Biography and major works

Barth was born in Leipzig, Germany to Thomas Barth, a professor of geology, and his wife Randi Thomassen. They also had a daughter. Barth and his sister grew up in Norway in an academic family. Their uncle was Edvard Kaurin Barth, a professor of zoology.[1] Fredrik Barth developed an interest in evolution and human origins. When his father was invited to give a lecture at the University of Chicago, the younger man accompanied him and decided to attend the university, enrolling in 1946.[4] He earned an MA in paleoanthropology and archaeology in 1949.[5]

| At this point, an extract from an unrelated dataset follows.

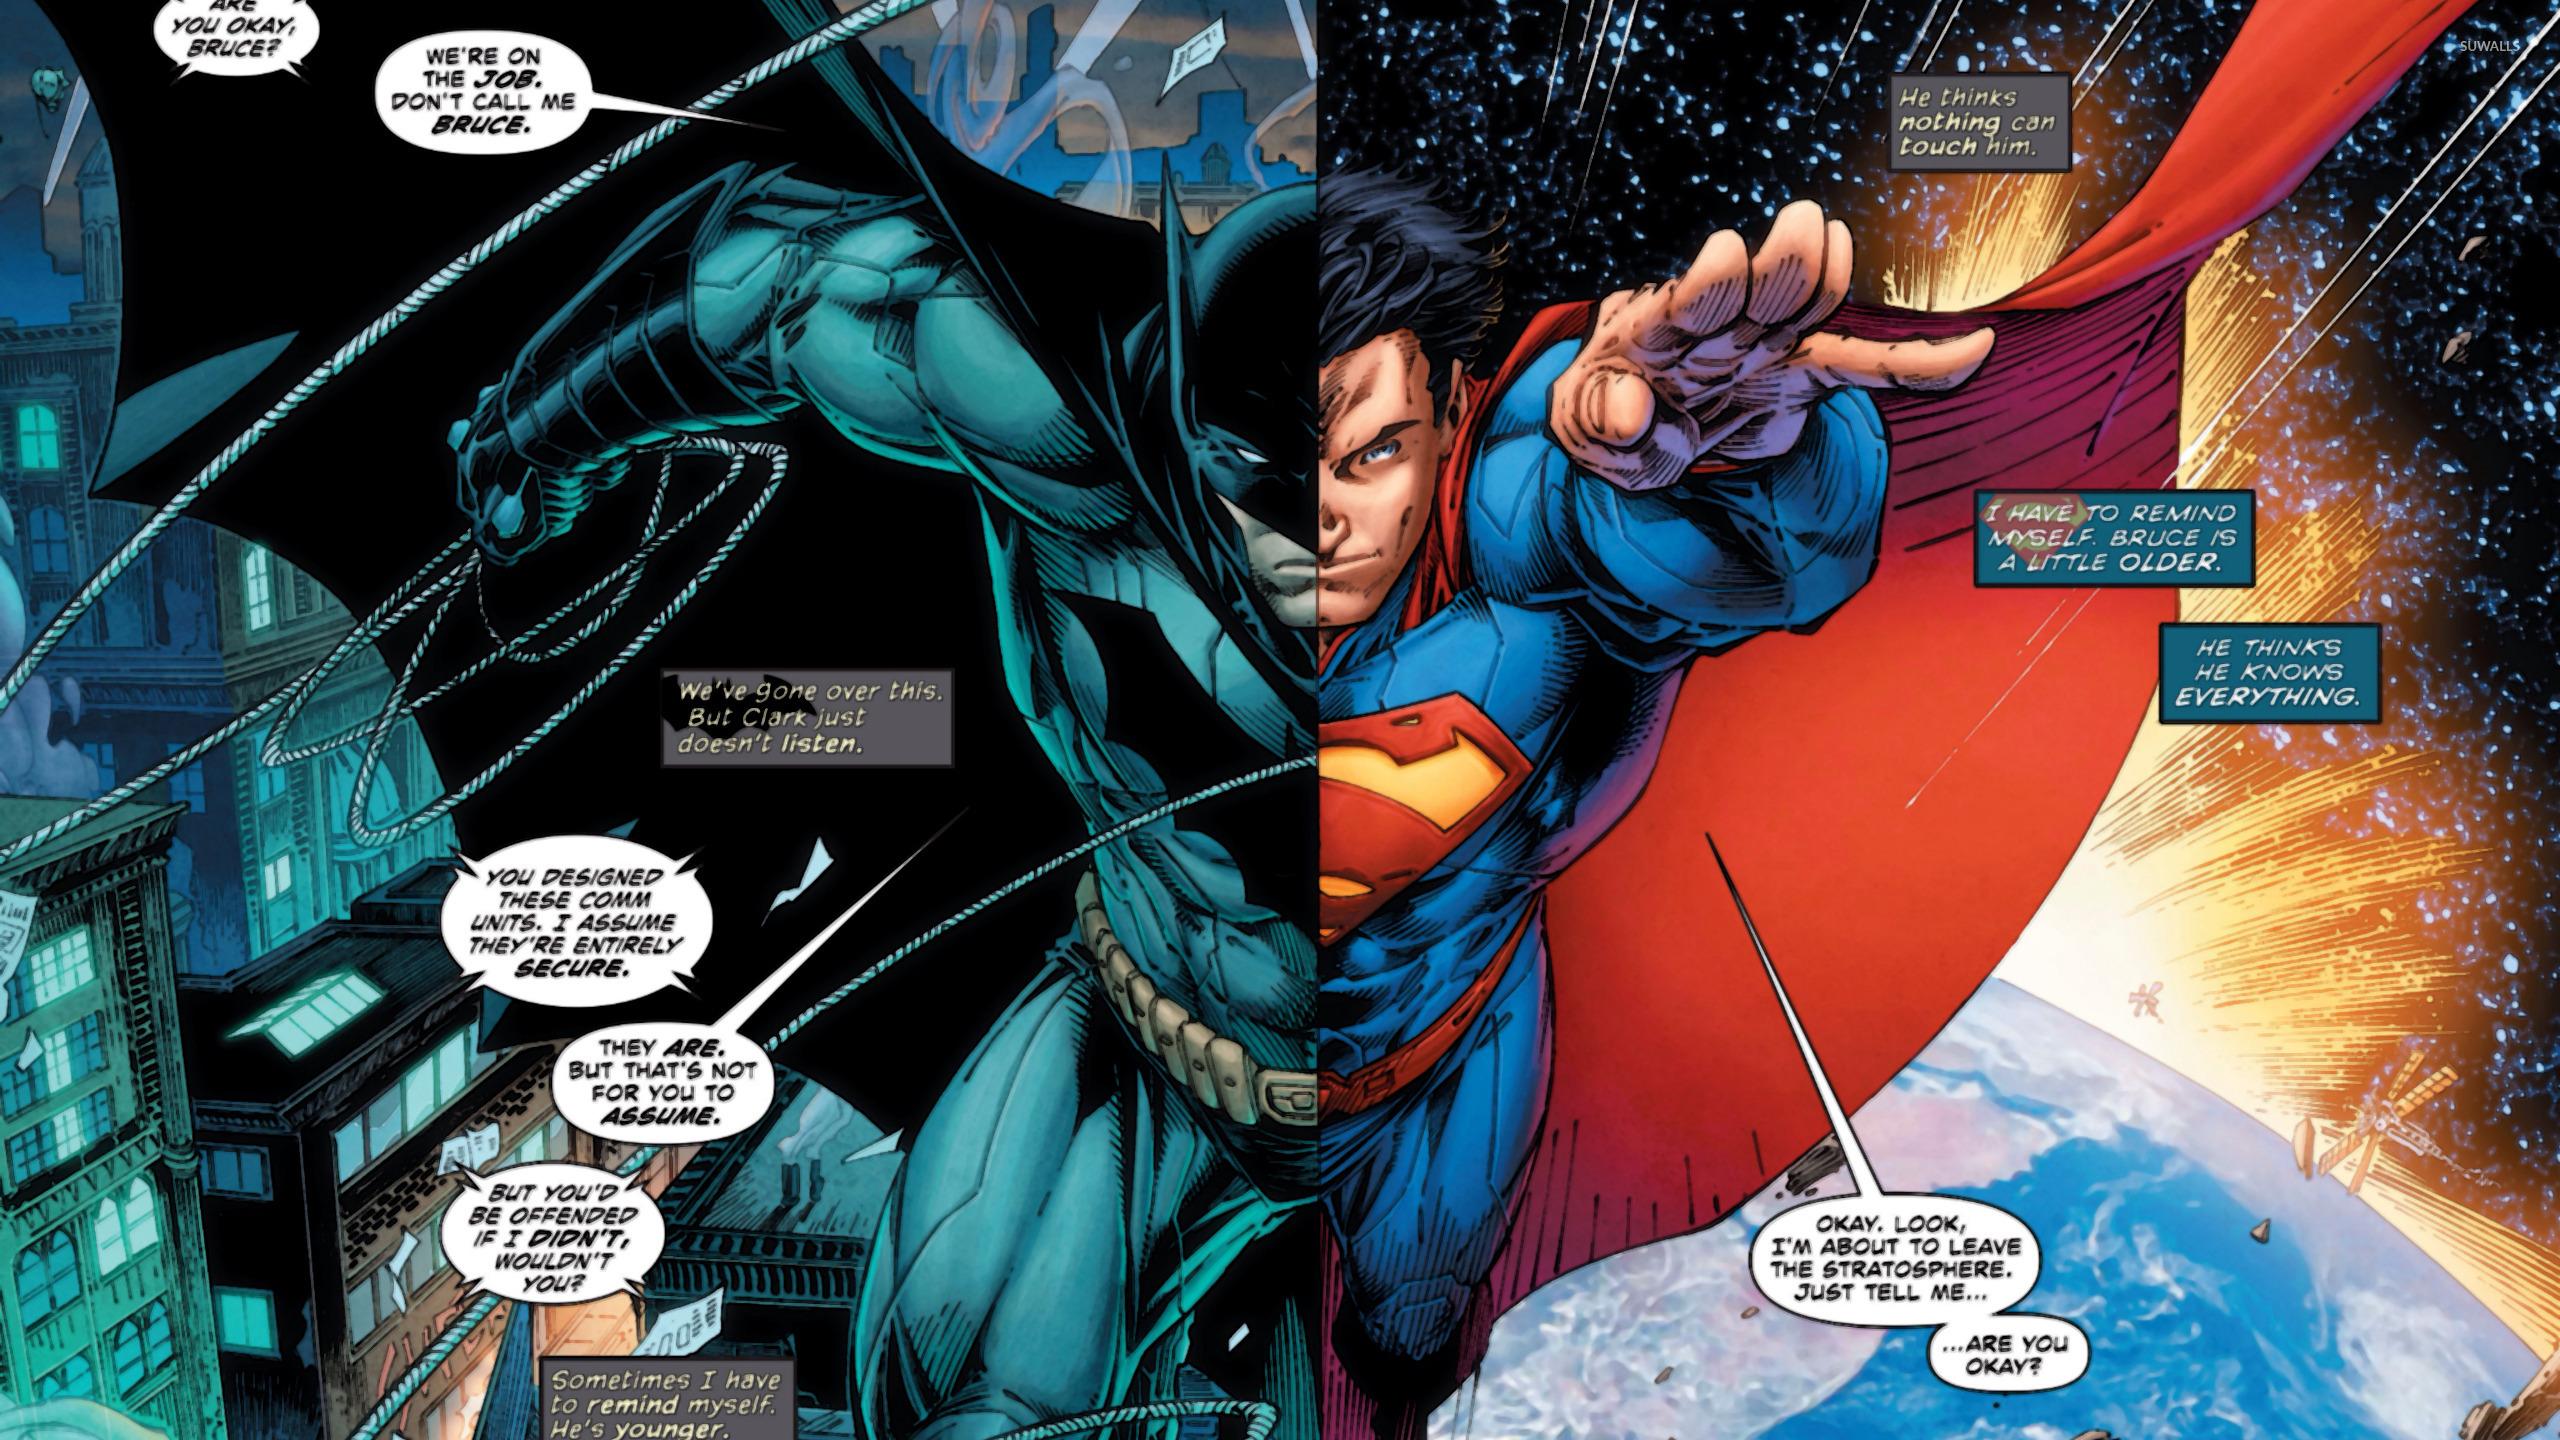 batman and superman cartoon wallpaper - photo #31

After receiving his MA, Barth returned to Norway, keeping a connection to Chicago faculty. In 1951 he joined an archaeological expedition to Iraq led by Robert Braidwood. Barth stayed on after the expedition was over, and conducted ethnographic population studies with the Kurdish population. He spent a year at the London School of Economics (LSE) writing up this data, and in 1953 published his first book, Principles of Social Organization in Southern Kurdistan.[4]: 2–3 

Barth had originally planned to submit the manuscript of his Principles of Social Organization as his Ph.D. dissertation, but was unsuccessful in doing so. He continued graduate study, moving to Cambridge, England to study with Edmund Leach, whom he had previously worked with at the LSE. For his PhD, Barth conducted fieldwork in Swat, Pakistan; his completed dissertation was published in 1959 as Political Leadership among Swat Pathan. Shortly afterwards he was part of a UNESCO study of pastoral nomadism, which focused on the Basseri in what is now Iran. From this work, he published the 1961 monograph Nomads of South Persia.[4] : 3–6 

In 1961, Barth was invited to the University of Bergen to create an anthropology department and serve as the chair. This important and prestigious position gave him the opportunity to introduce British-style social anthropology to Norway. The only other existing anthropology program, at the University of Oslo, was older and connected to the university's ethnographic museum (now the Museum of Cultural History). It was based in Victorian folklore and museum approaches. By founding the department at Bergen, Barth hoped to create a modern, world-class department with an approach similar to those found in England and the United States.[4]: 7 

Barth remained at Bergen from 1961 to 1972. During this time his own work developed in two key ways. First, he developed research projects inside Norway (and published a study entitled The Role of the Entrepreneur in Social Change in Northern Norway in 1963). Second, he began writing more purely theoretical works that secured his international reputation within anthropology. These included Models of Social Organization (1966) and especially the small, edited volume, Ethnic Groups and Boundaries: The Social Organization of Cultural Difference (1969). Barth's introduction to Ethnic Groups and Boundaries became his most well-known essay and "ended up among the top 100 on the social science citation index for a number of years.".[4]: 10 

In 1974 Barth moved to Oslo, where he became professor of social anthropology and the head of the city's Museum of Cultural History. During this period, anthropology was changing. Marxism and interpretive approaches were becoming more central, while Barth's focus on strategy and choice was being taken up by economics and related disciplines.[4]: 9  Barth shifted to studying meaning and ritual as developed in ethnic groups, and conducted research in Papua New Guinea, where he conducted fieldwork with the Baktaman. He published several works from these studies, namely the Ritual and Knowledge among the Baktaman of New Guinea (1975). He also continued studies in the Middle East, conducting fieldwork in Oman with his wife Unni Wikan. This resulted in his 1983 volume Sohar: Culture and Society in an Omani Town.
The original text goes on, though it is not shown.